Koronadal; Philippines;
- Broadcast area: Northern South Cotabato and surrounding areas
- Frequency: 95.7 MHz
- Branding: 95.7 Brigada News FM

Programming
- Languages: Hiligaynon, Filipino
- Format: Contemporary MOR, News, Talk
- Network: Brigada News FM

Ownership
- Owner: Brigada Mass Media Corporation; (Baycomms Broadcasting Corporation);

History
- First air date: February 18, 2013

Technical information
- Licensing authority: NTC
- Power: 5,000 watts
- ERP: 10,000 watts

Links
- Webcast: Live Stream
- Website: brigada.ph

= DXCE =

Radio station in Philippines

DXCE (95.7 FM), broadcasting as 95.7 Brigada News FM, is a radio station owned and operated by Brigada Mass Media Corporation.

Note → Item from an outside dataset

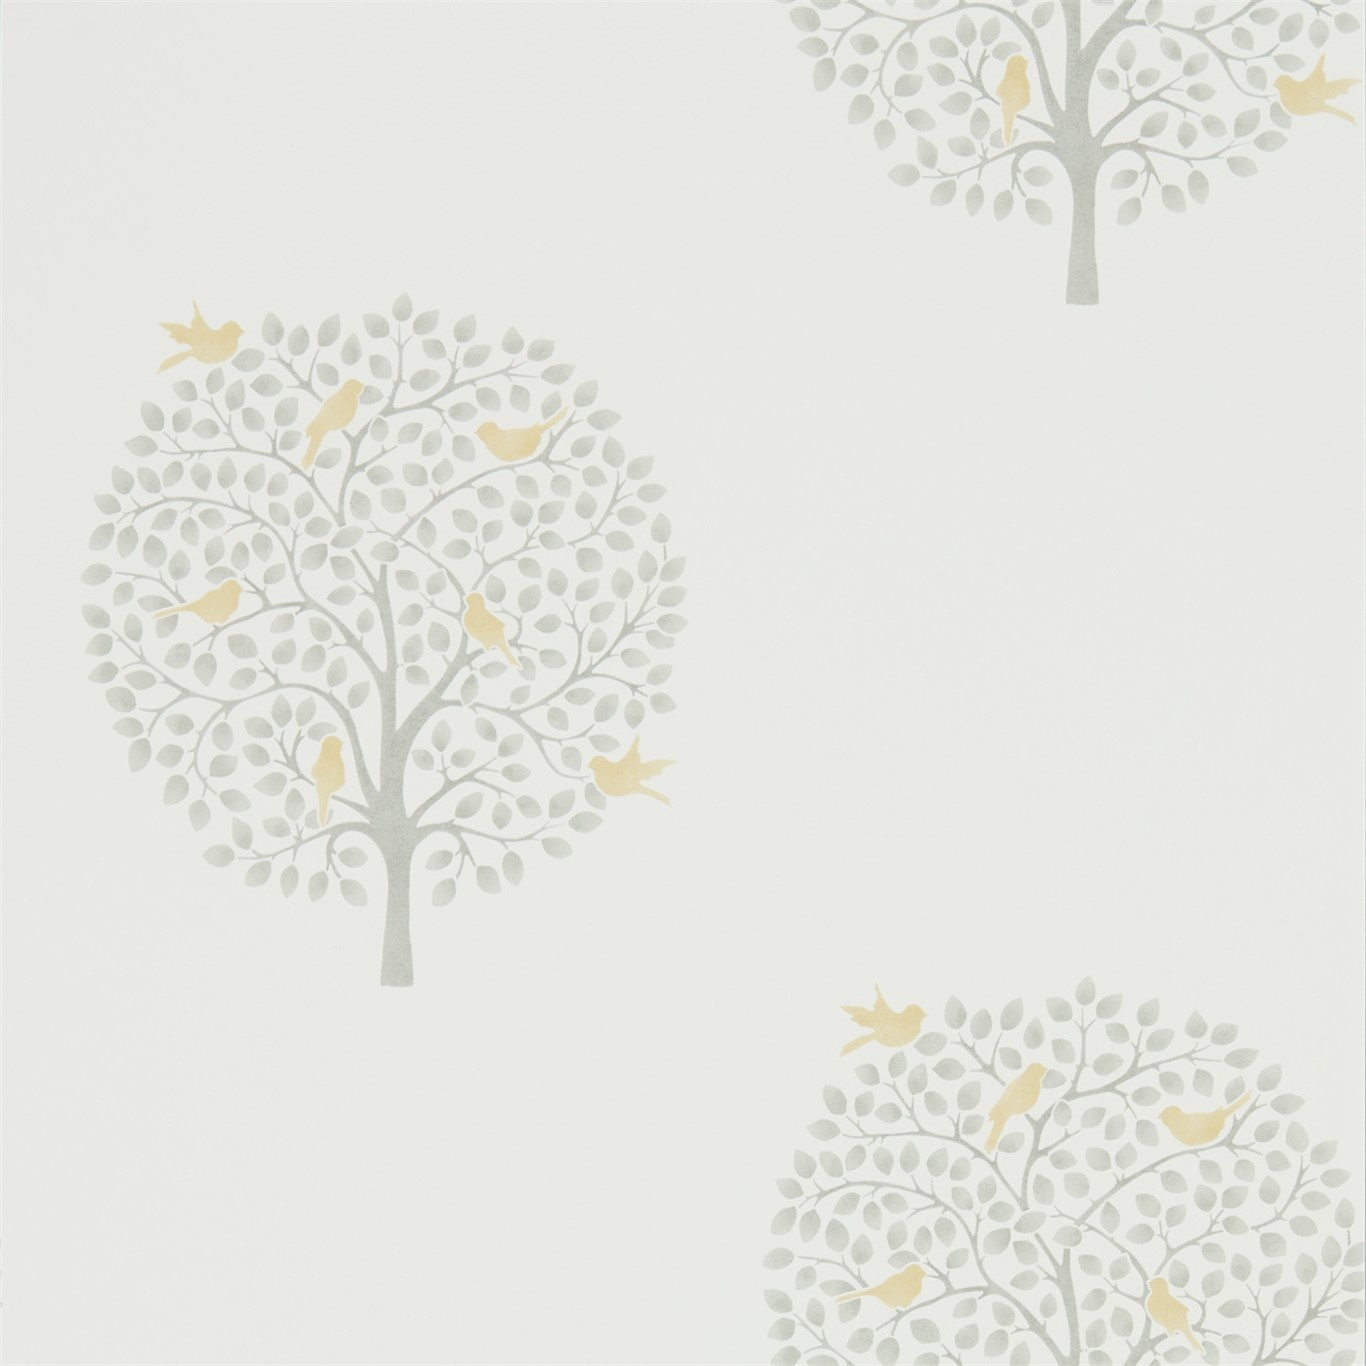 Image of Sanderson Home Bay Tree Dijon/Mole Wallpaper 216360

Its studio is located at the 2nd Floor, Janro Glass Bldg., General Santos Dr., Koronadal, and its transmitter is located at Brgy. Paraiso, Koronadal.

==History==
Formerly owned by Hypersonic Broadcasting Center, Brigada News FM was inaugurated on February 18, 2013. This is the second Brigada station after its flagship station in General Santos. In less than a year, it easily gained wide listenership. As per 2015 KBP-Kantar Media Survey, it is ranked as the over-all #1 Radio Station in Koronadal.

The station was formerly heard in Tacurong via 104.5 FM from March 19, 2018 to November 26, 2023.